### TO DO
Exactly as written, print every line of the listing below and omit its pictures.

(EXERCISE DATA Opens)

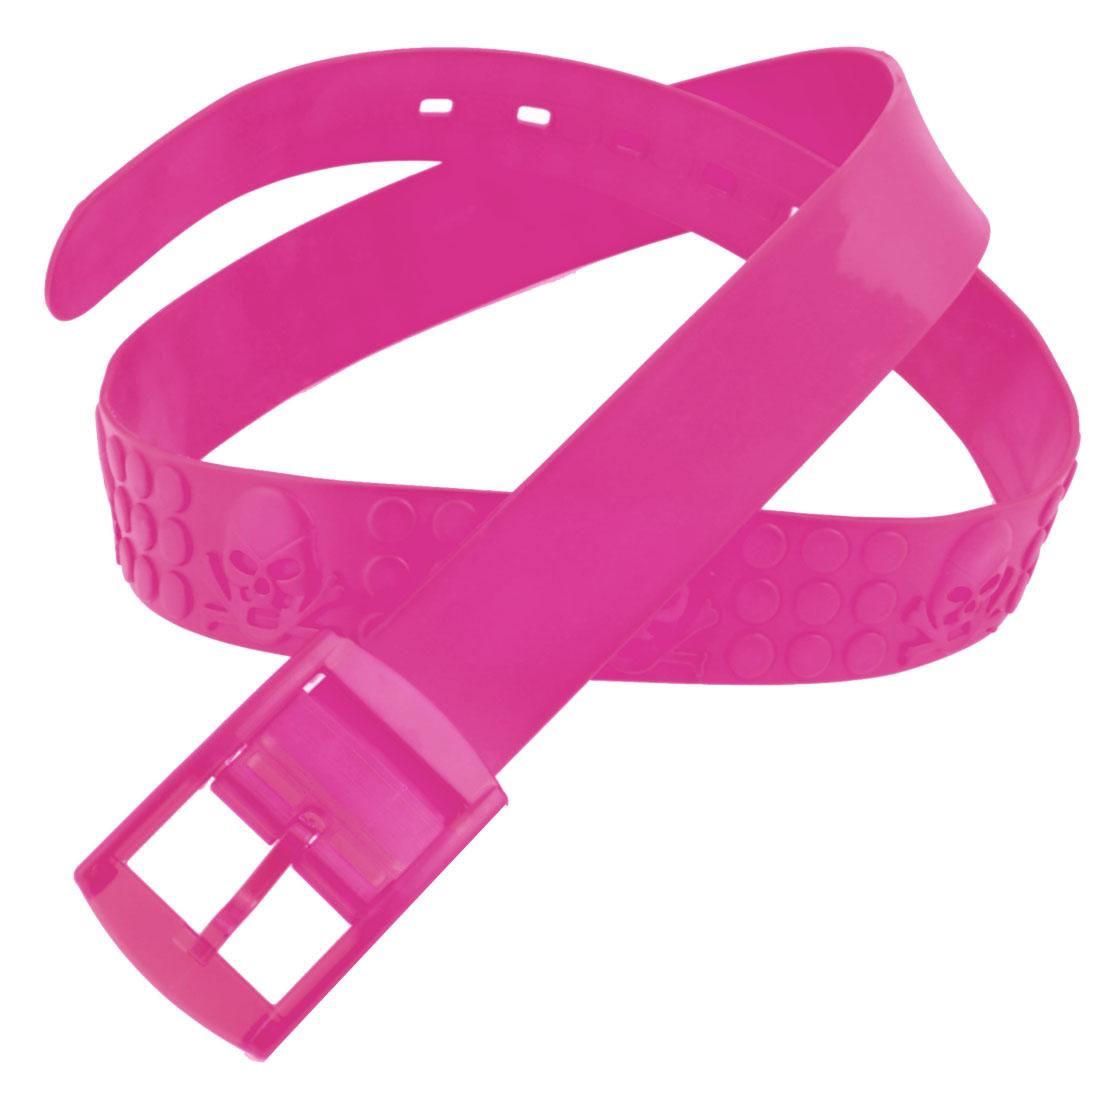 Silicone Adjustable 5 Hole Band Jelly Fragrant Waist Belt Fuchsia for Women
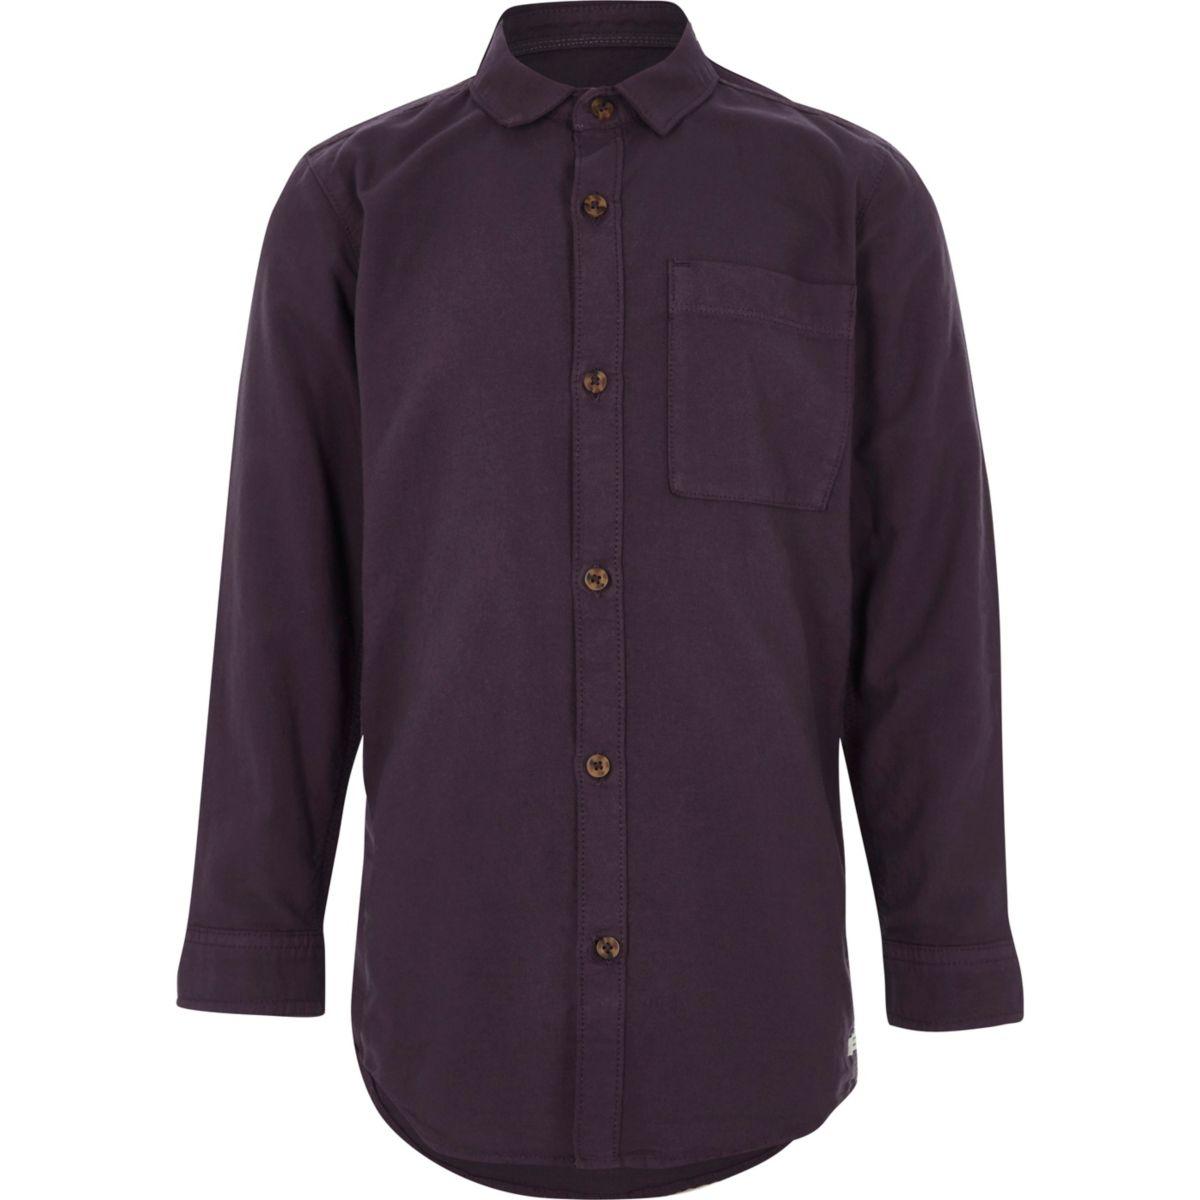 Boys purple long sleeve Oxford shirt
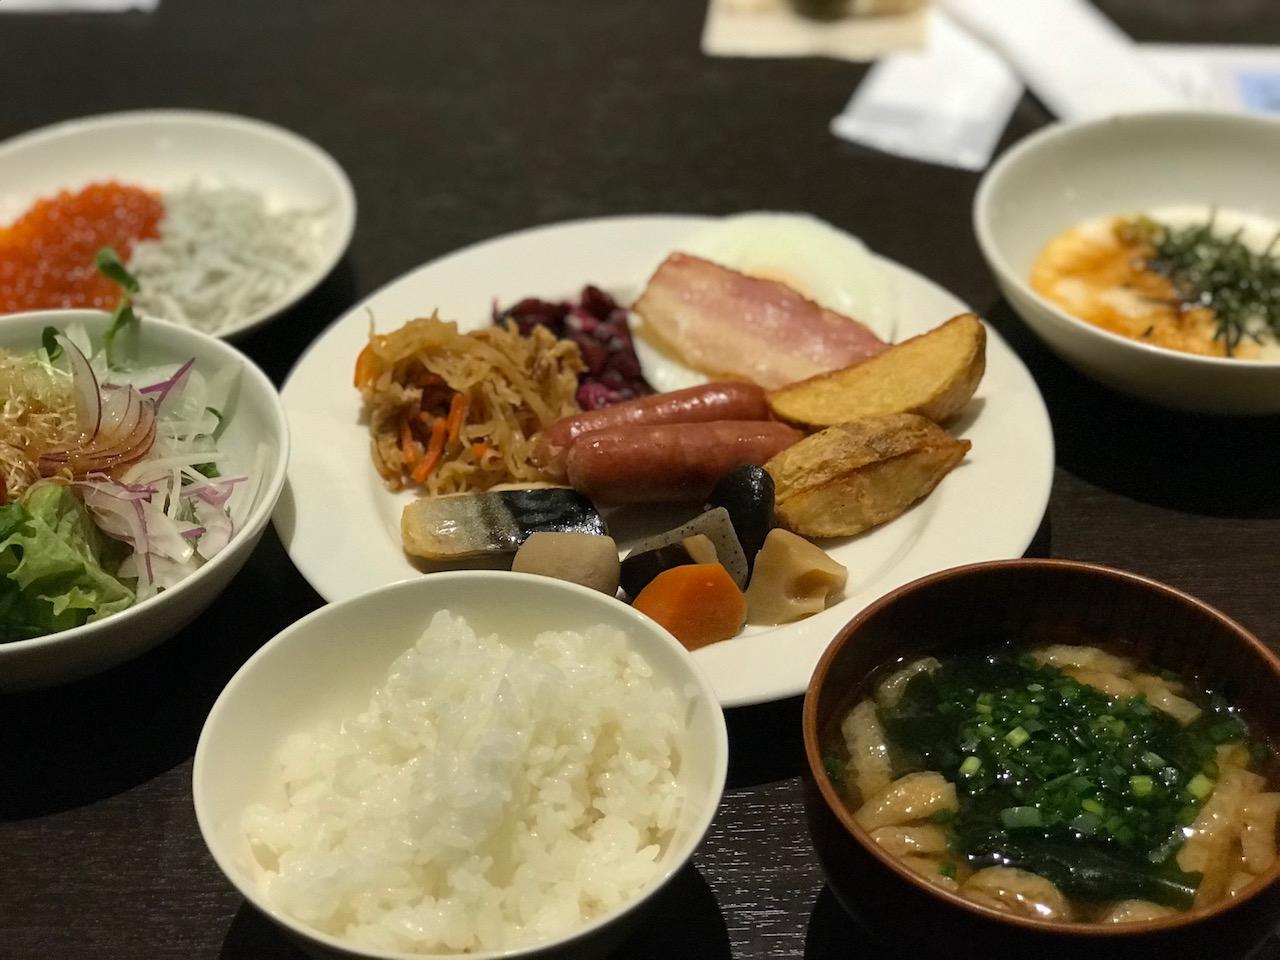 【JALシティ羽田・はるほろ@穴守稲荷】朝食ブッフェはメニュー豊富でコスパが良い!
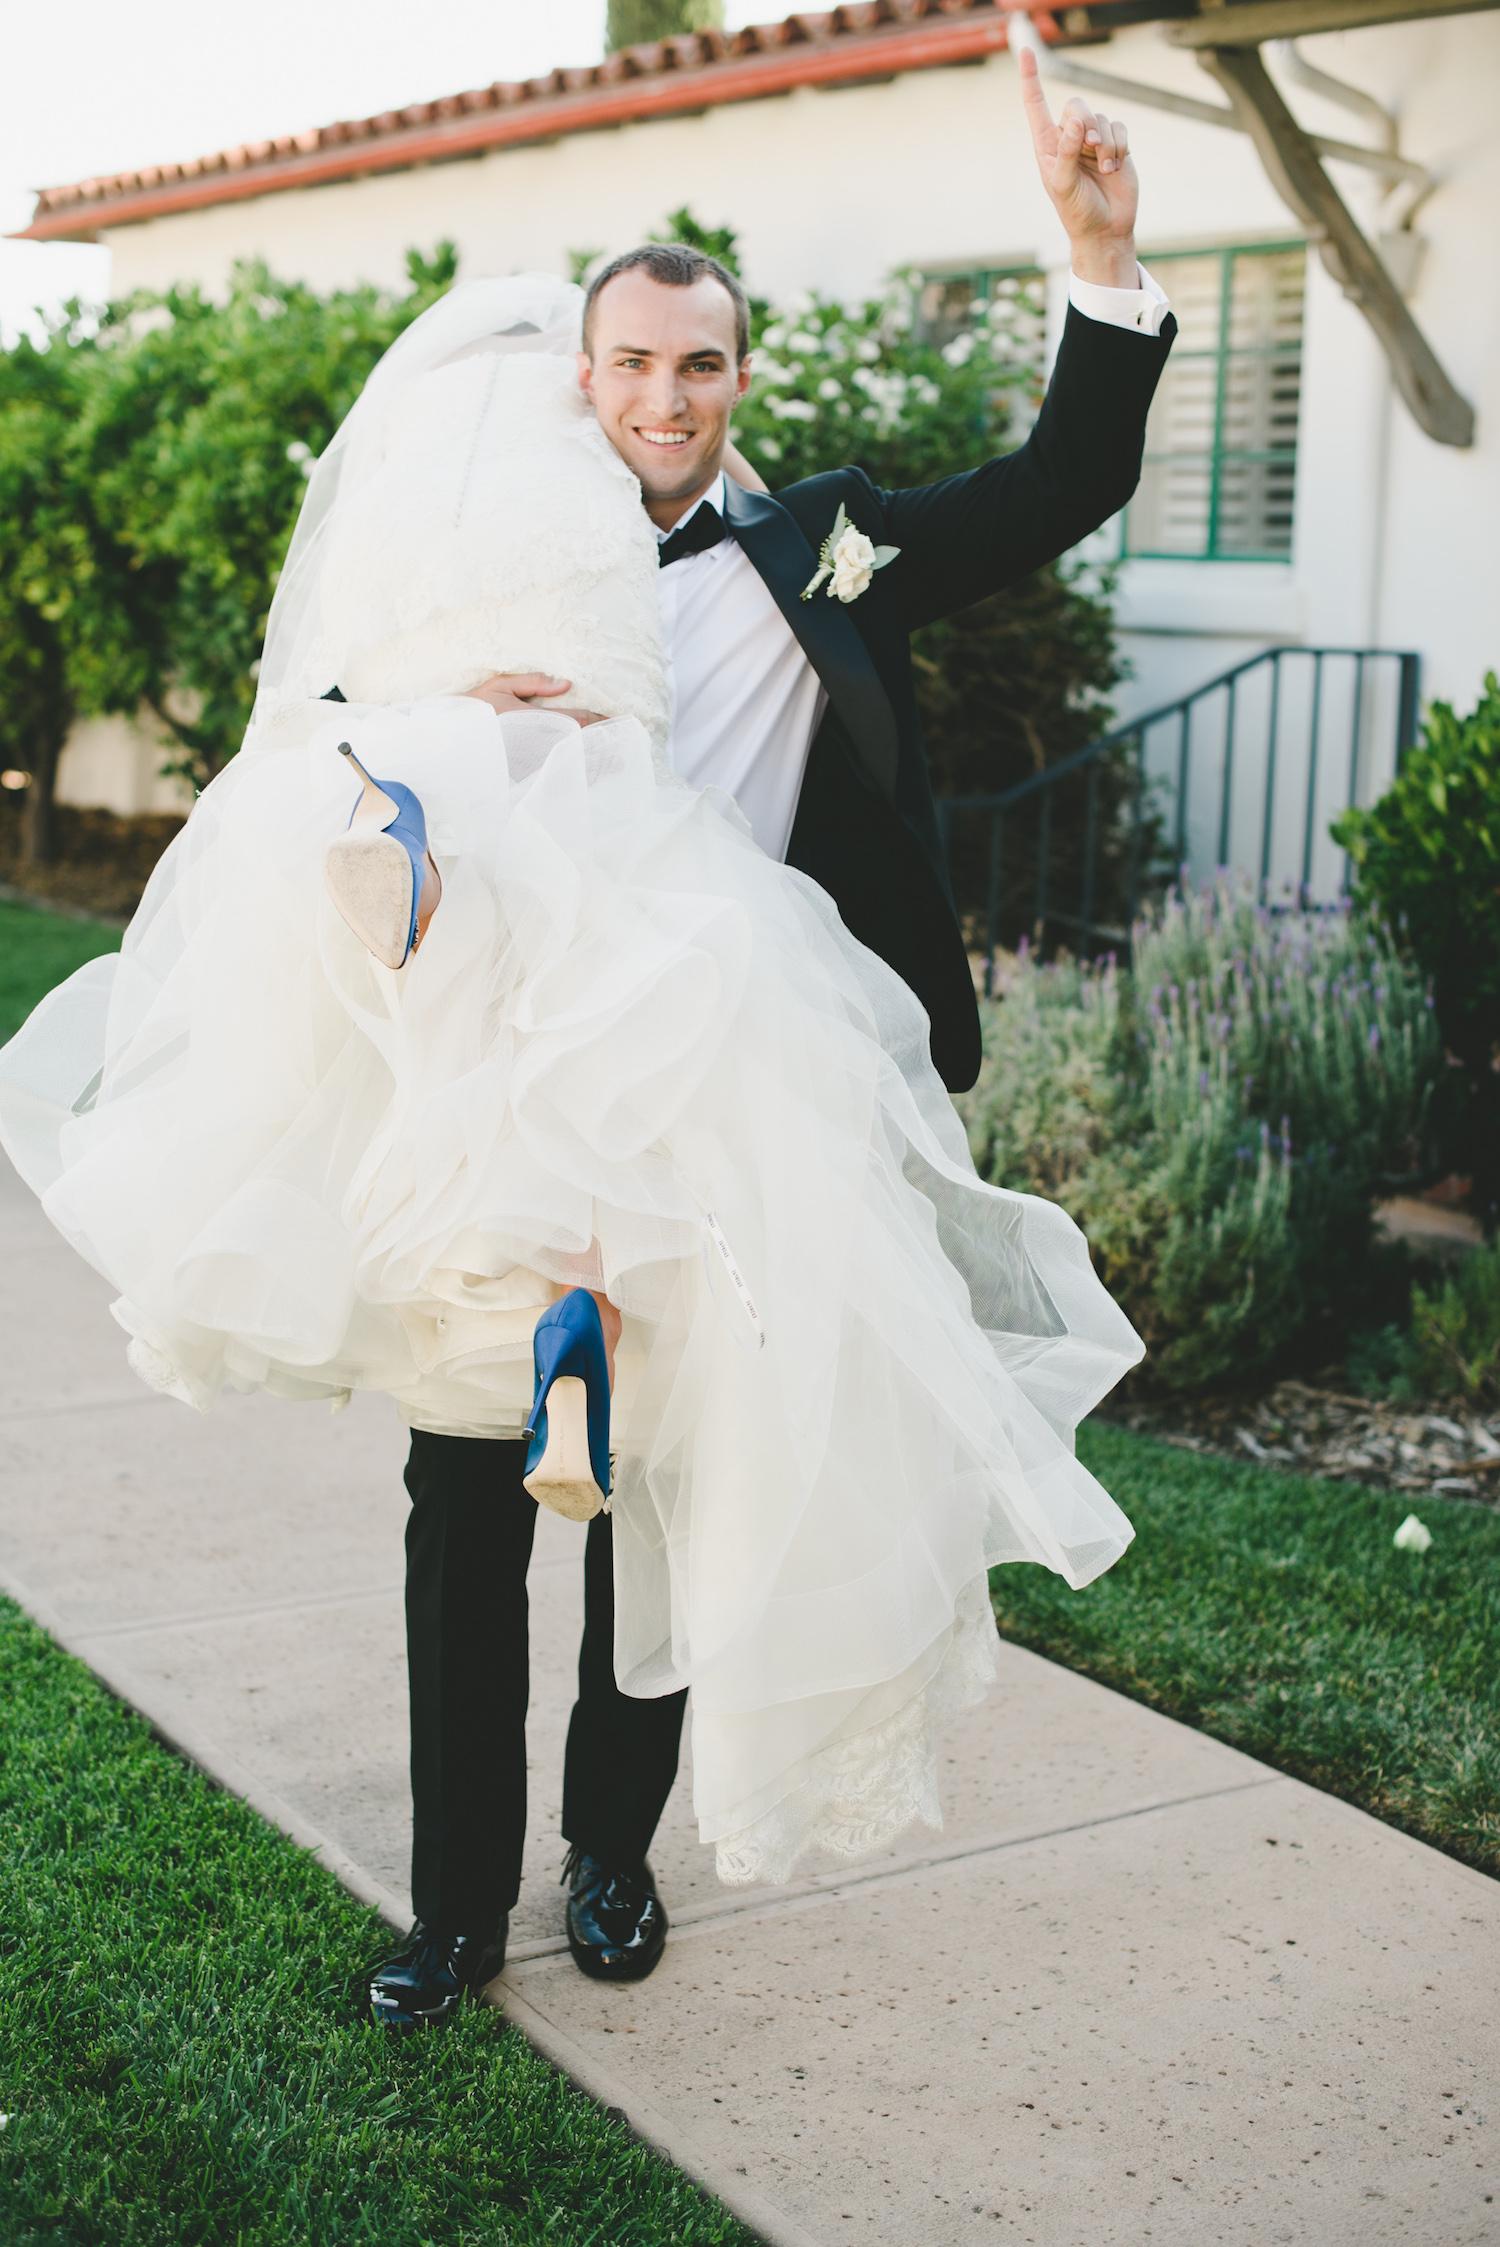 Fun Wedding Photo Ojai Valley Inn
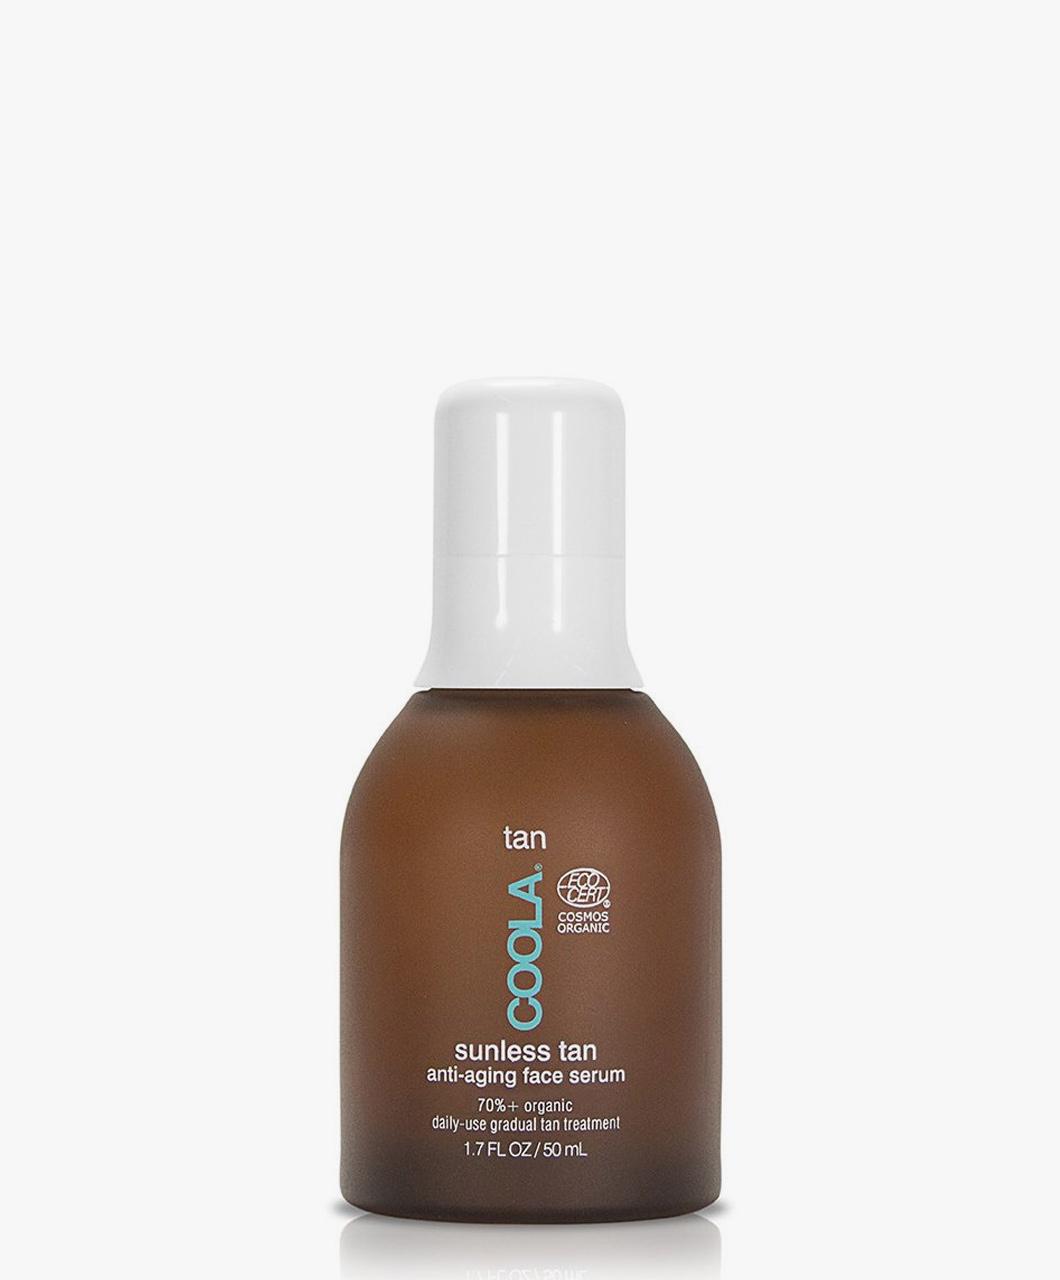 Afbeelding van COOLA Serum Piña Colada Organic Sunless Tan Anti Aging Face

(EXERCISE DATA Closes)

### RESPONSE BOX
 Silicone Adjustable 5 Hole Band Jelly Fragrant Waist Belt Fuchsia for Women
 Boys purple long sleeve Oxford shirt
 【JALシティ羽田・はるほろ@穴守稲荷】朝食ブッフェはメニュー豊富でコスパが良い!
 Fun Wedding Photo Ojai Valley Inn
 Afbeelding van COOLA Serum Piña Colada Organic Sunless Tan Anti Aging Face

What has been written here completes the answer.